I'll start with the one that's in the event post! Thomas Rowlandson, 1793
it's a political comic critiquing the surgical technique of performing amputations to prevent the spread of gangrene
the list of "approved surgeons" is very like "lol what are you doing these people are butchers, not doctors wtffffff"

G. Cruikshank, 1818, "introduction of the gout"
gout was largely seen as a rich person's disease, where inflammation symptoms were attributed to wealthy people eating too much and then not moving at all
Jessie
3 years ago @Edit 3 years ago
so the little devil is basically setting his foot on fire for the sin of sloth
this is fascinating

N. Dorville, 1901
two surgeons harvested the organs out of a homeless person and are stuffing the corpse with newspaper to hide their tracks
it's a French illustration reacting to news about the developing black market as medicine was starting to experiment with organ transplants

this is a surgery chart from the 16th century
basically, "surgeon" used to be the word used for field medics.
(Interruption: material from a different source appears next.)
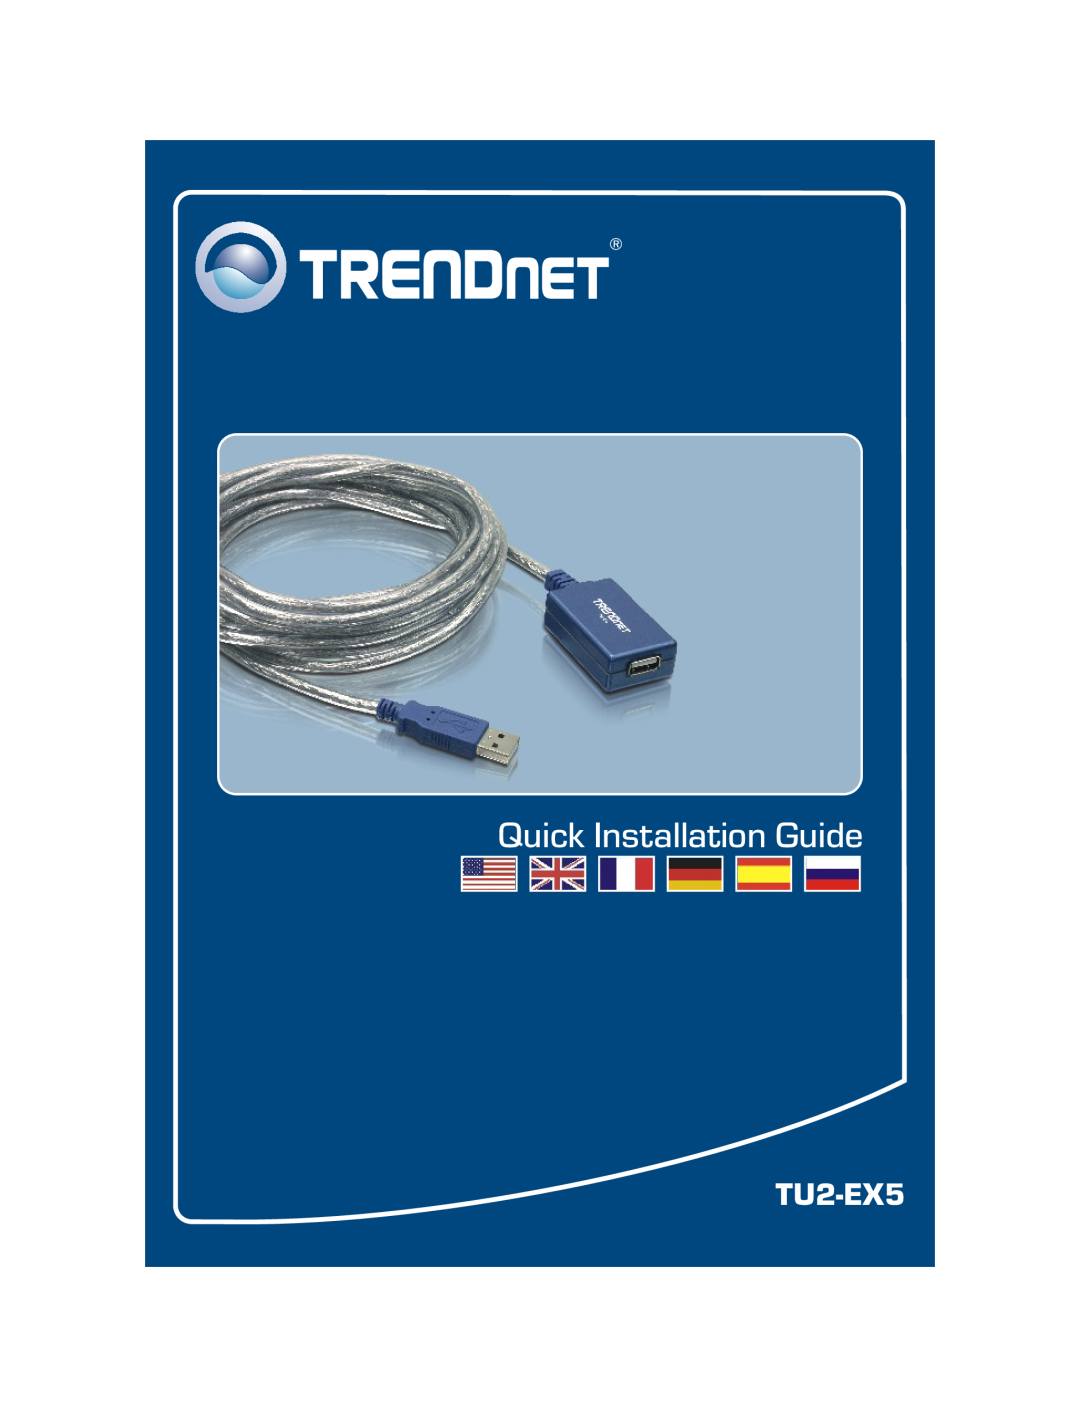 TRENDnet TU2-EX5 manual Quick Installation Guide 
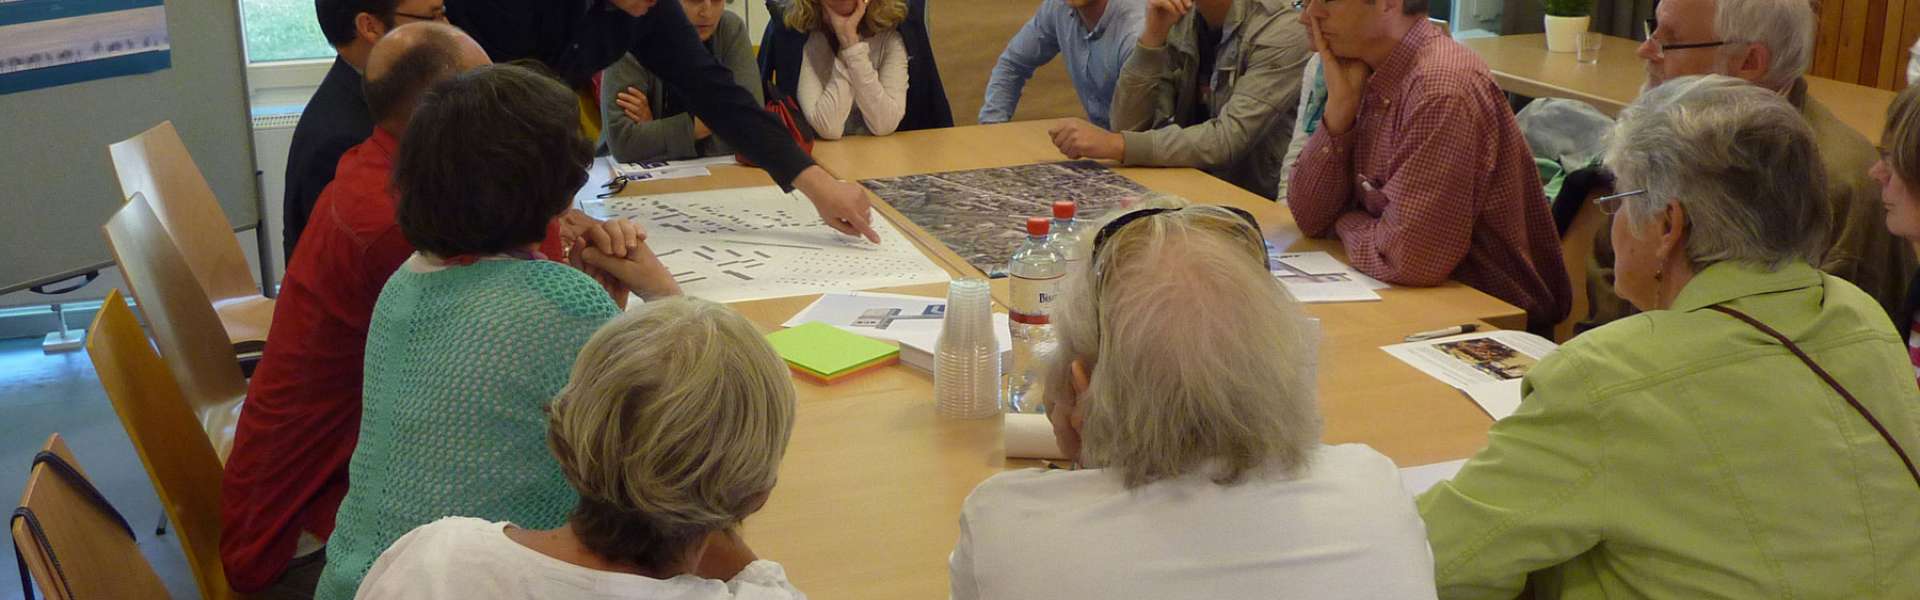 Engagiert brachten die Bürgerinnen und Bürger beim Workshop ihre Ideen zu den Themen Bau, Lärm, Verkehr und Umfeld der Haltestelle ein.

They had to know first aid, but be ready to deal with immediate battle wounds. the surgery was in knowing how to sew up a stab wound differently in different parts of the body

the most fucked up diagram about how to deliver a baby
maybe don't use a noose??????
maybe that explains a percentage of the high infant mortality rate????????????
I worked really hard to find a way to have an event prompt dealing with humoural medicine and eventually gave up because I couldn't find a way to organically explain the four humours without being like "let's have a history class in the middle of your roleplay event"
I also didn't work very hard at all at that and don't know why that's how I chose to present that idea
I thought about it like twice
didn't even push it to chi
19th century, a commentary on syphilis
death lurks under the mask of pretty girls
never trust a girl to not have an STD, I guess

getting sick does ROUGH things to a lady's face

I still love this plague doctor duck
Dr Quackington, I presume

Dutch masectomy, from the 1650s

Ancient art is THE BEST ART tho?
the library had it categorized as "surgeon applying a cautery iron to clearly defined points on a woman's lower abdomen (indicating the liver?). Pen drawing after a tenth century manuscript"
cautery used to be used a lot to prevent the spread of "bad blood"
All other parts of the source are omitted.